Metallosomes.

Structures and ordered arrays containing organometallic particles have potential application in nanofabrication, smaller computer components, optical devices, sensors, and membrane probes and as detection agents. Here, we describe construction of gold clusters covalently attached to lipids and their use in forming typical lipid structures: micelles, liposomes ("metallosomes"), and sheets on an air-water interface. Two sizes of gold clusters were used, undecagold, with an 11-gold atom core 0.8 nm in diameter, and the larger Nanogold, with a 1.4-nm gold core. The morphology of the structures formed was determined by electron microscopy at a resolution at which single gold-lipid molecules were visualized. Further modification by additional catalytic metal deposition enhanced detectability. The approach is flexible and permits a wide variety of metal particle structures to be created using known lipid structures as templates. Additionally, these gold-lipids may serve as useful membrane labels.

Mapping the lipoyl groups of the pyruvate dehydrogenase complex by use of gold cluster labels and scanning transmission electron microscopy.

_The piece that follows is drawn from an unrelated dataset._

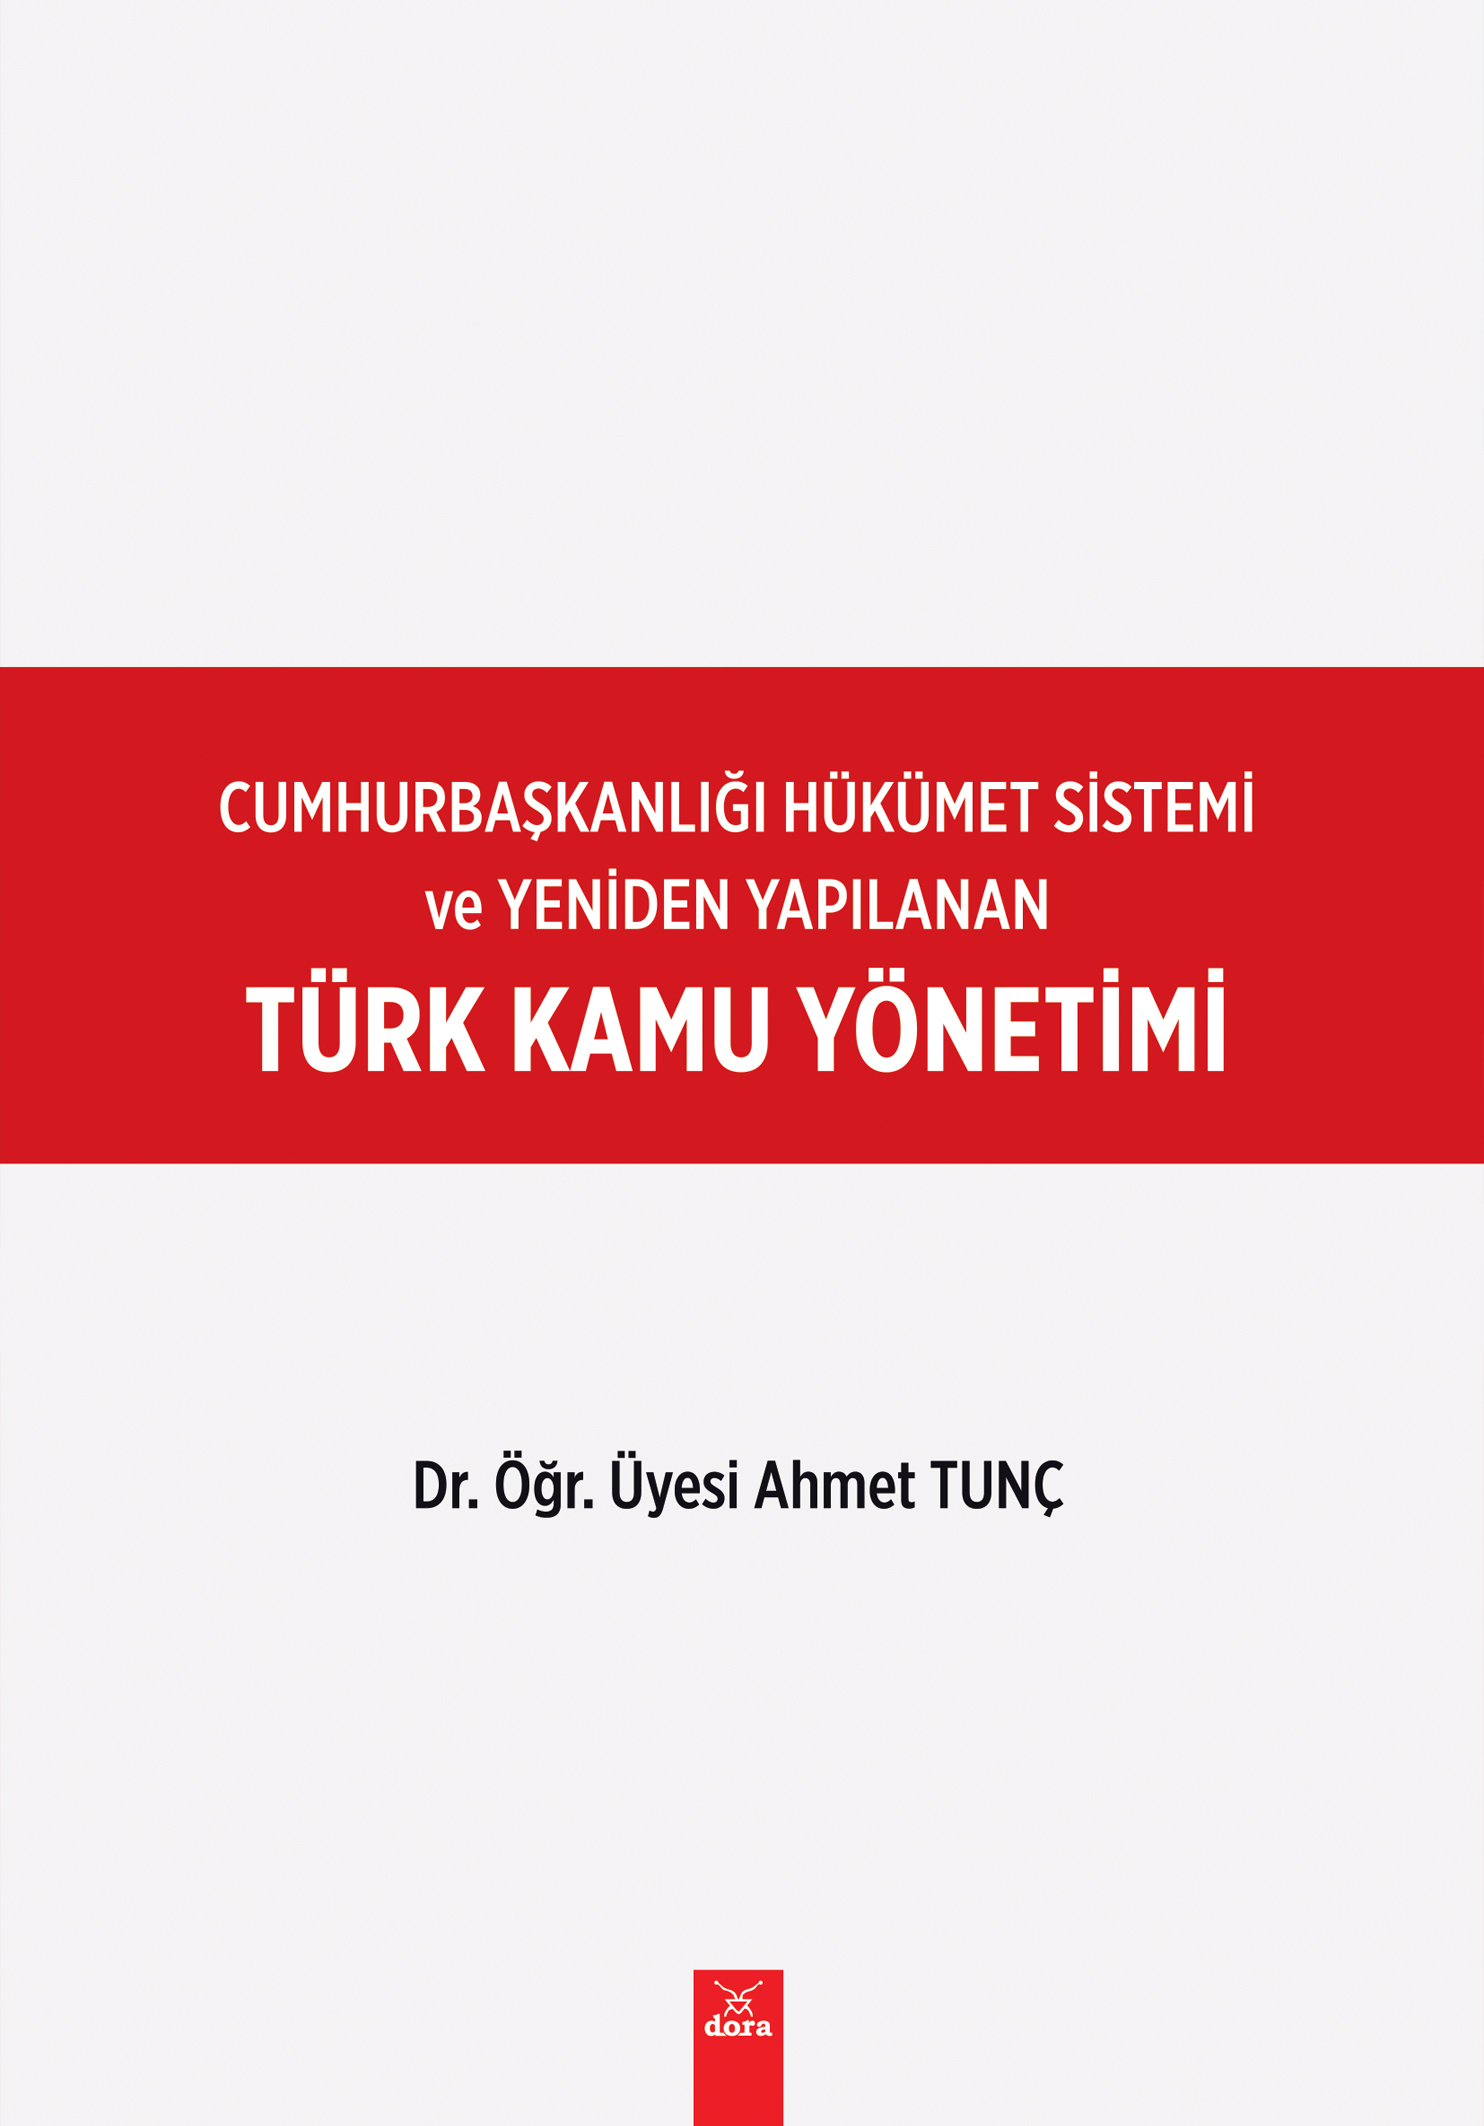 Türk Kamu Yönetimi –Cumhurbaşkanlığı  Hükümet  Sistemi | 476 | Dora Yayıncılık

This paper describes the organization of lipoyl moieties within the pyruvate dehydrogenase (PDH) complex from Escherichia coli as studied in the scanning transmission electron microscope (STEM). The PDH complex is a multienzyme complex consisting of E1, pyruvate dehydrogenase, E2, dihydrolipoyl transacetylase, and E3, dihydrolipoyl dehydrogenase. The core of the complex is the cubic 24-subunit E2 component, which contains the lipoyl moieties bonded to lipoyl-bearing domains. E1 and E3 are associated along the edges (E1) and on the faces (E3) of the core. The lipoyl moieties were reduced with NADH and alkylated with a p-maleimidobenzoyl undecagold cluster complex. The gold labels were found to be bound very nearly specifically by dihydrolipoyl transacetylase (E2). Undecagold clusters were imaged directly by the STEM and also digitally mapped by radial mass analysis. The mass of the E2E3 subcomplex is about half that of the PDH complex. The PDH complex and GC-PDH are both about 420 A in diameter, as determined by radial mass analysis, and the E2E3 subcomplex and GC-E2E3 are 320 and 350 A, respectively. The outer boundary of the E2E3 subcomplex was clearly shown in STEM micrographs by the undecagold labels in GC-E2E3. Data obtained from radial mass analysis of GC-E2E3 and the unlabeled E2E3 subcomplex also showed that the size of the subcomplex is extended by the lipoyl-bearing domains surrounding the central E2 core. The capabilities of lipoyl moieties to undergo translocation over long distances through structural mobility in the lipoyl-bearing domains was confirmed by the observation that many of the lipoyl groups in E2E3 subcomplexes relax outward into space vacated by the removal of E1 during the preparation of the subcomplex from PDH complex. Radial mass analysis of the PDH complex and GC-PDH indicates that lipoyl groups are distributed over a large region of the PDH complex, extending from the central core to 170-180 A from the center of the complex, with the highest density at about 75 A from the particle centers, near the interface between E2 and the associated components E1 and E3.

A 1.4-nm gold cluster covalently attached to antibodies improves immunolabeling.

A large gold cluster (Au1.4nm) was covalently coupled to IgG and Fab' fragments. Its gold core is 1.4 nm in diameter and the Fab'-Au1.4nm immunoconjugate is the smallest gold immunoprobe that can be seen directly in the conventional electron microscope. It is useful in high-resolution immunolabeling, providing a resolution of 7.0 nm. The cluster's visibility can be enhanced with silver development for use in EM or light microscopy for histological purposes, or to detect less than or equal to 0.2 pg of antigen in immunoblots. By using a gold compound with covalent attachment, a number of advantages over colloidal gold probes are realized, including better resolution, stability, uniformity, sensitivity, and complete absence of aggregation; its small size should also improve penetration and more quantitative labeling of antigenic sites.